Around 250 people, mostly families with children, agreed to be relocated to a camp in the Athens area, 550 kilometres to the south.

Deputy Defence Minister Dimitris Vitsas hinted that the Idomeni camp could be evacuated because of the conditions, but a police officer in the area told dpa that “no police action is presently planned.”

In Brussels, Avramopoulos warned that the border closures along the Western Balkan route have created a “humanitarian crisis that risks to turn to a humanitarian disaster” in Greece.

The future of those stranded along the migration route is uncertain, after EU leaders agreed Monday to work with Turkey on a plan under which Ankara would take back any new arrivals to Greece, while the bloc would directly resettle Syrian refugees out of Turkey.

The deal, which is still being finalized, has drawn heavy criticism from rights groups and EU lawmakers, who have described it as inhumane and have questioned its legality.
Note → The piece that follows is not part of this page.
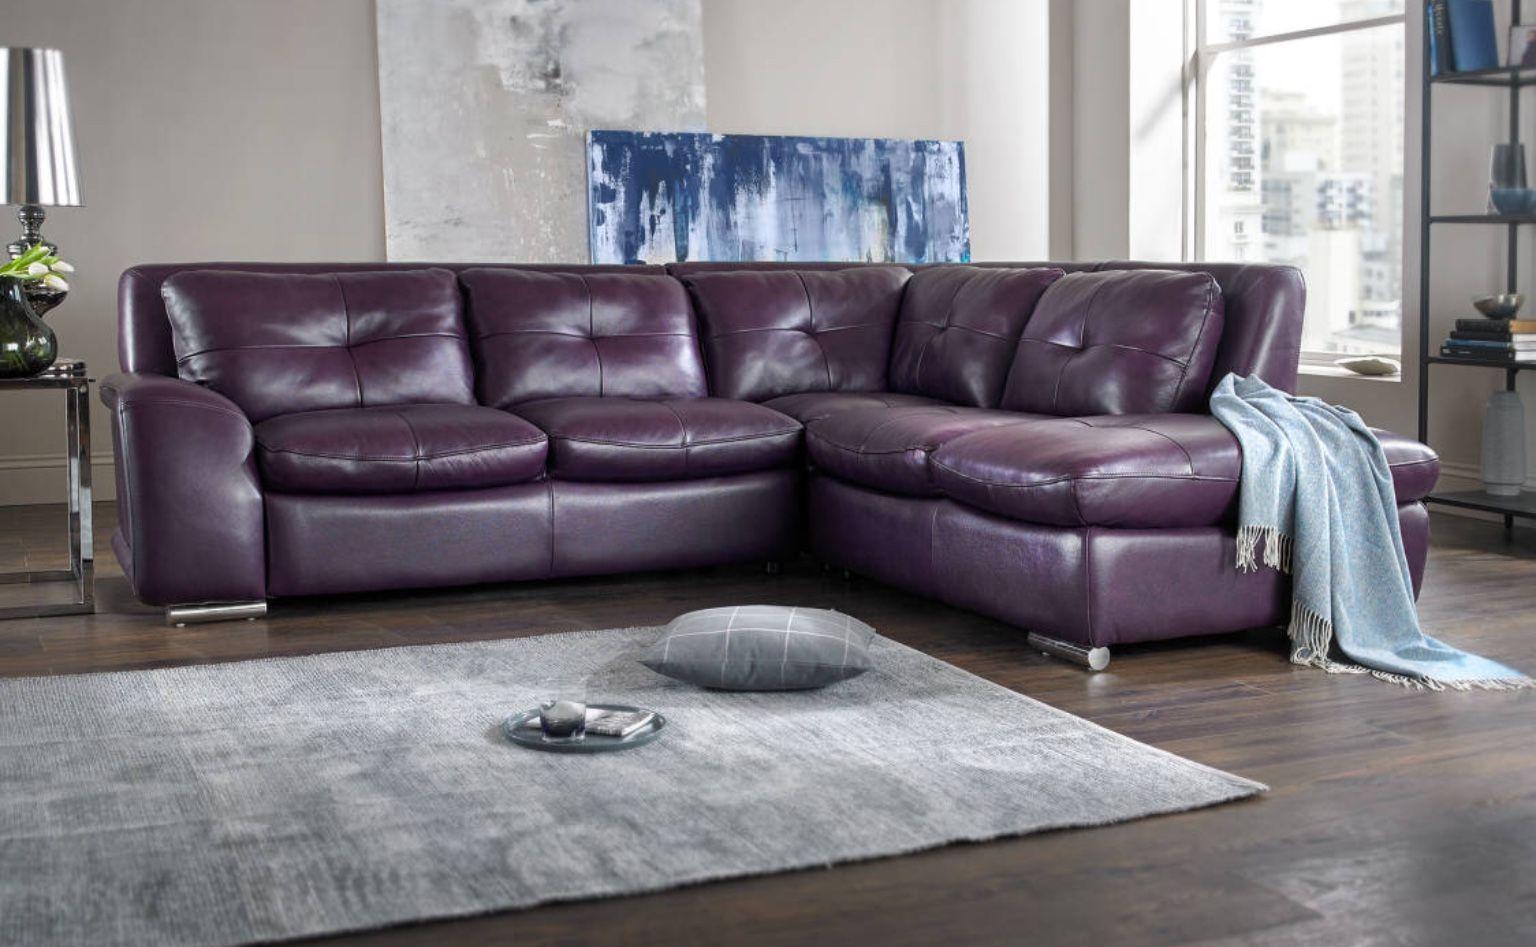 Sofology Felice Sofa In Damson With Grey Interior Leather Sofa

Austrian Interior Minister Johanna Mikl-Leitner asked if the EU is not “ultimately throwing our values overboard” with the deal, which also offers Ankara concessions on visa-free travel for its citizens and on its long-running EU membership bid.

But her British counterpart Theresa May welcomed the deal, arguing that Europe is now “taking tough action against economic and illegal migrants.”